Documentation for DataHerb¤
The Python Package for DataHerb
A DataHerb Core Service to Create and Load Datasets. Homebrew for datasets.
dataherb
is the homebrew (or snap if you are using linux) for datasets.
Install¤
pip install dataherb
Documentation: dataherb.github.io/dataherb-python
The DataHerb Command-Line Tool¤
Requires Python 3
The DataHerb cli provides tools to create dataset metadata, validate metadata, search dataset in flora, and download dataset.
Configure¤
Before we get started, please configure dataherb first:
dataherb configure
Search and Download¤
Search by keyword
dataherb search covid19
# Shows the minimal metadata
Search by dataherb id
dataherb search -i covid19_eu_data
# Shows the full metadata
Download dataset by dataherb id
dataherb download covid19_eu_data
# Downloads this dataset: http://dataherb.io/flora/covid19_eu_data
Create Dataset Using Command Line Tool¤
We provide a template for dataset creation.
Within a dataset folder where the data files are located, use the following command line tool to create the metadata template.
dataherb create
Upload dataset to remote¤
Within the dataset folder, run
dataherb upload
UI for all the datasets in a flora¤
dataherb serve
Use DataHerb in Your Code¤
Load Data into DataFrame¤
# Load the package
from dataherb.flora import Flora
# Initialize Flora service
# The Flora service holds all the dataset metadata
use_flora = "path/to/my/flora.json"
dataherb = Flora(flora=use_flora)
# Search datasets with keyword(s)
geo_datasets = dataherb.search("geo")
print(geo_datasets)
# Get a specific file from a dataset and load as DataFrame
tz_df = pd.read_csv(
dataherb.herb(
"geonames_timezone"
).get_resource(
"dataset/geonames_timezone.csv"
)
)
print(tz_df)
The DataHerb Project¤
What is DataHerb¤
DataHerb is an open-source data discovery and management tool.
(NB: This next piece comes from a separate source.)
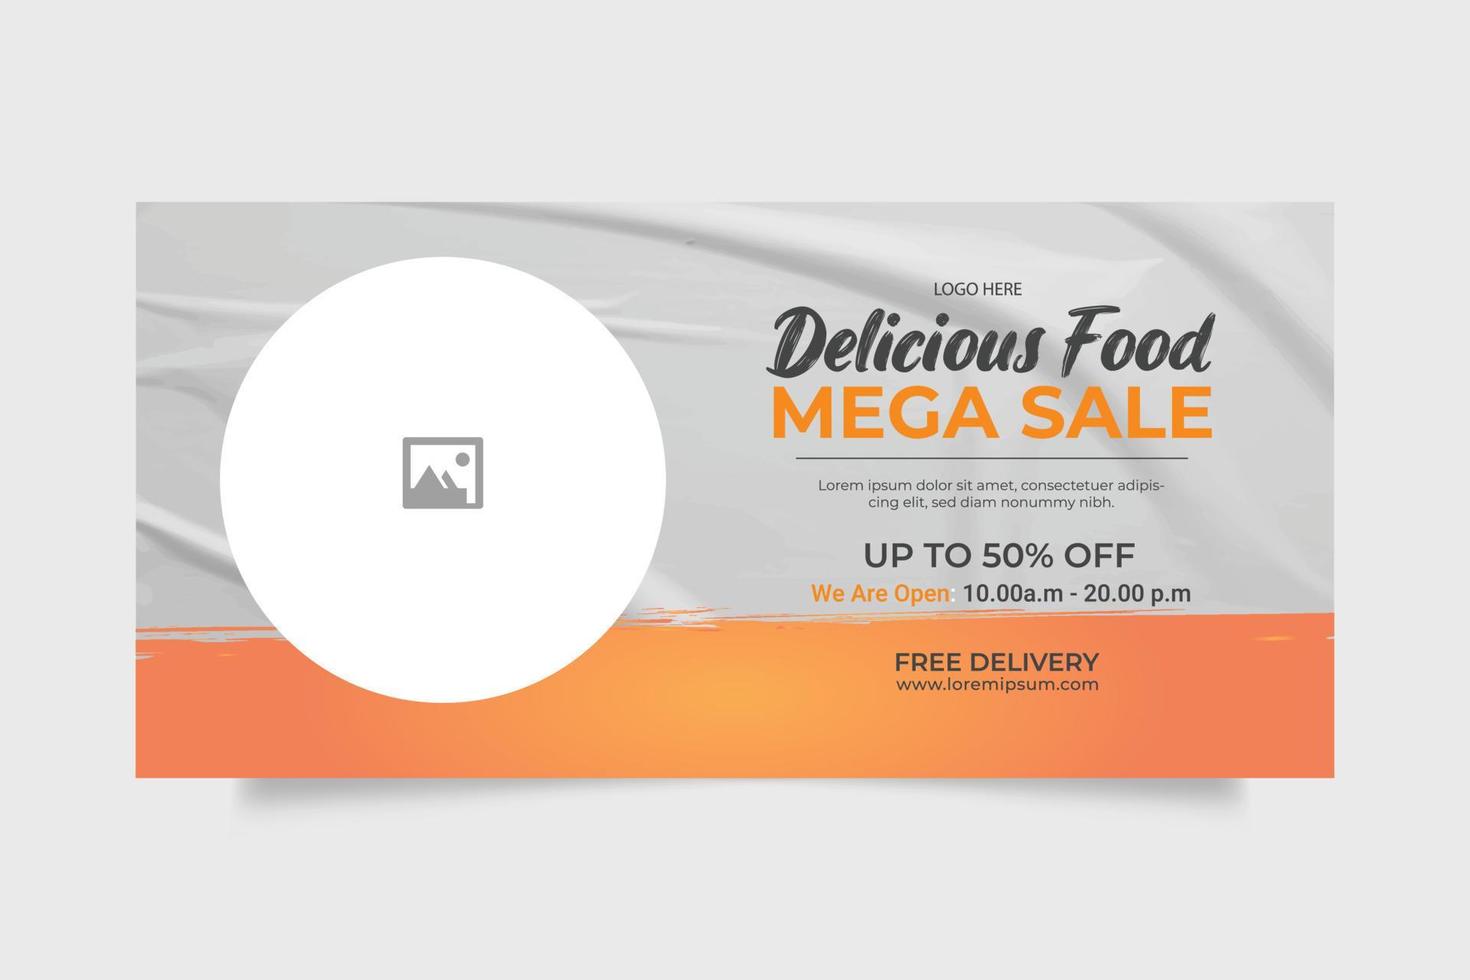 Luxury delicious food menu web banner template design vector

- A DataHerb or Herb is a dataset. A dataset comes with the data files, and the metadata of the data files.
- A Herb Resource or Resource is a data file in the DataHerb.
- A Flora is the combination of all the DataHerbs.
In many data projects, finding the right datasets to enhance your data is one of the most time consuming part. DataHerb adds flavor to your data project. By creating metadata and manage the datasets systematically, locating an dataset is much easier.
Currently, dataherb supports sync dataset between local and S3/git. Each dataset can have its own remote location.
What is DataHerb Flora¤
We desigined the following workflow to share and index open datasets.
The repo dataherb-flora is a demo flora that lists some datasets and demonstrated on the website https://dataherb.github.io. At this moment, the whole system is being renovated.
Development¤
- Create a conda environment.
- Install requirements:
pip install -r requirements.txt
Documentation¤
The source of the documentation for this package is located at docs
.
References and Acknolwedgement¤
dataherb
usesdatapackage
in the core.datapackage
is a python library for the data-package standard. The core schema of the dataset is essentially the data-package standard.